Public perception is that the US is not willing to pay for universal healthcare. However, the US spends enough money, it just spends it inefficiently.
The US spends ~$900 Billion a year on Medicaid [1] and ~$1.1 Trillion a year on Medicare [2]. If the US spent this money as efficiently as Japan (or UK [3], ...) it could pay for Universal Healthcare without increasing its budget.
Incomes are dramatically higher in the US than in Japan. Their economy has imploded so badly due to debt + currency destruction that they're now just barely above Lithuania (which has come a long ways of course) on economic output per capita.
Japan is no longer a primary economic power and their (perpetually falling) purchasing power + incomes represent that.
US GDP per capita is estimated at $92,000 for 2026. Norway is $96,000 for comparison. 340 million people vs one of the world's richest nations at 5 million people. The UK is $60k, and Japan is a mere $36k.
Read that again. US GDP per capita will soon be 3x that of Japan.
Doing a direct comparison of healthcare costs is silly accordingly. At a minimum you need to 2x to account for the drastically higher US incomes vs Japan, and at least 50% higher vs the UK.
I don't agree with your framing but let's accept it for the sake of this conversation.
The UK and Japan are not the only countries with more efficient healthcare systems than the US. We can look at a variety of countries, some of which have a higher GDP per capita than the US.
If we look at a graph of 'healthcare spending per capita' by 'GDP per capita' [1], we can see that the US is a massive outlier spending ~2x countries with comparable GDP per capita.
In fact, the US has a higher healthcare spending per capita than every other OECD country.
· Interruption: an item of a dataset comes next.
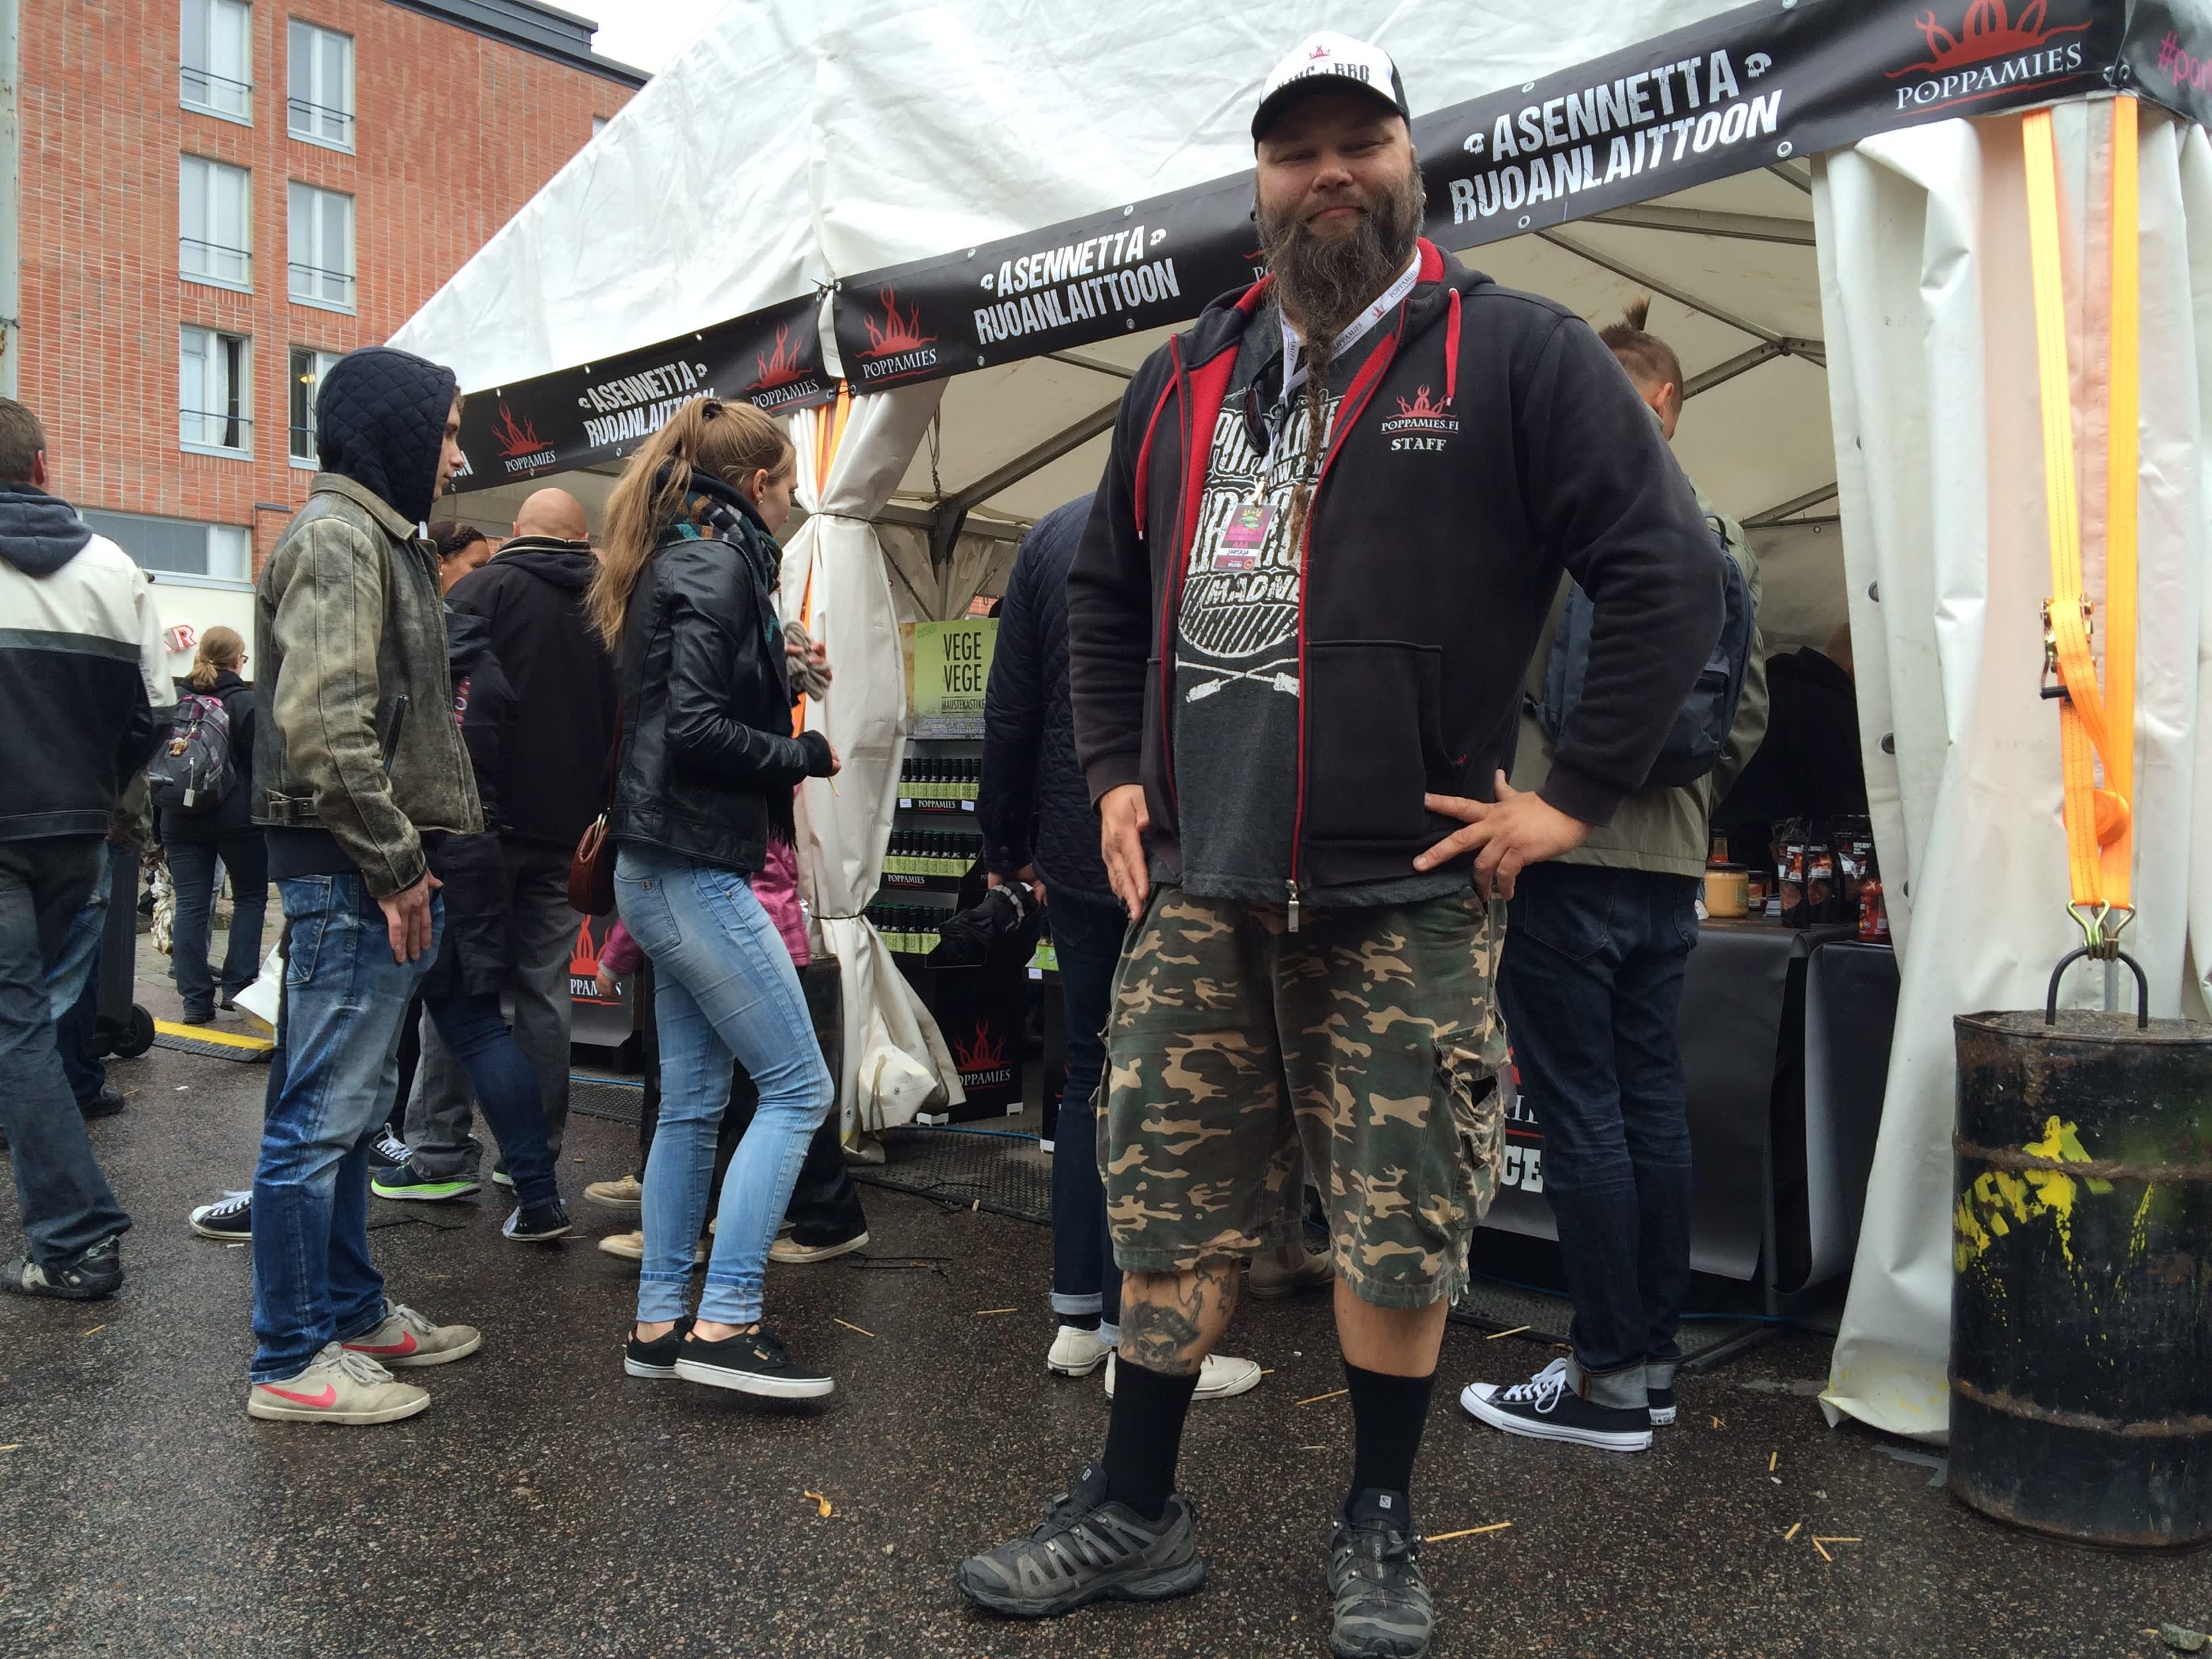 Poppamiehen toimitusjohtaja Marko Suksi seisoo myyntiteltan edessä Tampereen Tullintorilla Chilifest -tapahtumassa.

By a large margin.
Japan is also way thingger than America, which the article points out:
> The US spends ~$14,570 per person on healthcare. Japan spends ~$5,790 and has the highest life expectancy in the OECD. That gap is roughly $3 trillion per year.
Need to have people go in for checkups and get shamed for unhealthy habits, not really a money question.
Japan's economy imploded because it was doing better than the US and Japanese were buying big American names like Rockefeller Center, so the US forced Japan to destroy their currency, which popped the Asian miracle.
The direction is right. Total US healthcare spending is $4.87T for 335M people ($14,570/capita, CMS NHE 2023). Japan's per-capita is $5,790, with the highest life expectancy in the world and lowest infant mortality in the OECD. The annual national gap is approximately $3T.
The series is not arguing for a specific coverage structure. It is documenting where the excess goes, mechanism by mechanism. Four issues in, $128.6B is accounted for conservatively: drug pricing, hospital commercial markups, PBM extraction. Each mechanism has a defensible, operationally precedented fix that does not require redesigning the entire system. Montana Medicaid adopted commercial reference pricing at 200% of Medicare and measured no quality deterioration. The FTC documented PBM specialty drug markups and three states have already enacted clawback restrictions. None of that required universal healthcare.
The US spends ~$900 Billion a year on Medicaid [1] and ~$1.1 Trillion a year on Medicare [2]. If the US spent this money as efficiently as Japan (or UK [3], ...) it could pay for Universal Healthcare without increasing its budget.